The service was used maliciously to crash MS DNS servers running Microsoft Windows NT 4.0 by piping the arbitrary characters straight into the DNS server listening port (telnet ntbox 19 | telnet ntbox 53).[1] However, the attack was presumably a symptom of improper buffer management on the part of Microsoft's DNS service and not directly related to the CHARGEN service.[citation needed]

UDP CHARGEN is commonly used in denial of service attacks. By using a fake source address the attacker can send bounce traffic off a UDP CHARGEN application to the victim. UDP CHARGEN sends 200 to 1,000 times more data than it receives, depending upon the implementation. This "traffic multiplication" is also attractive to an attacker because it obscures the attacker's IP address from the victim.
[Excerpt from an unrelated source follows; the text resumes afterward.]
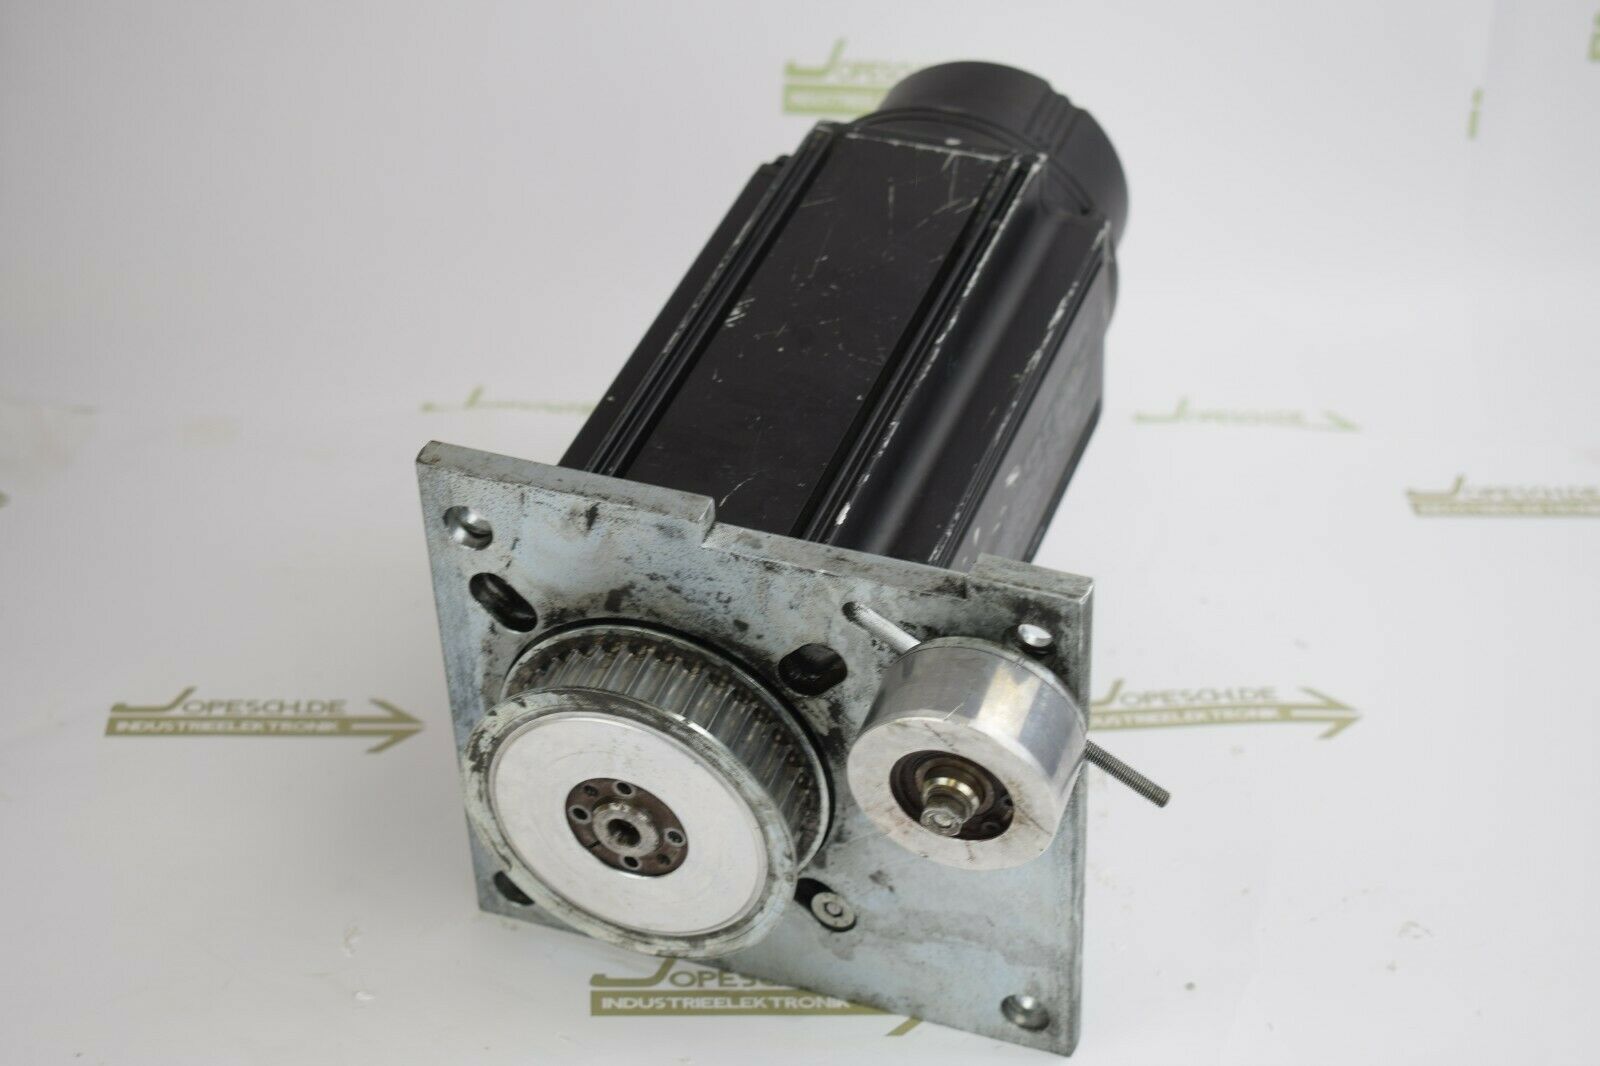 Rexroth Indramat Permanent Magnet Motor MDD071C-N-030-N2T-095PA1

CHARGEN was widely implemented on network-connected printers. As printer firmware was rarely updated on older models before CHARGEN and other security concerns were known, there may still be many network-connected printers which implement the protocol. Where these are visible to the Internet, they are invariably misused as denial of service vectors. Potential attackers often scan networks looking for UDP port 19 CHARGEN sources.

So notorious is the availability of CHARGEN in printers that some distributed denial of service trojans now use UDP port 19 for their attack traffic. The supposed aim is to throw investigators off the track; to have them looking for old printers rather than subverted computers.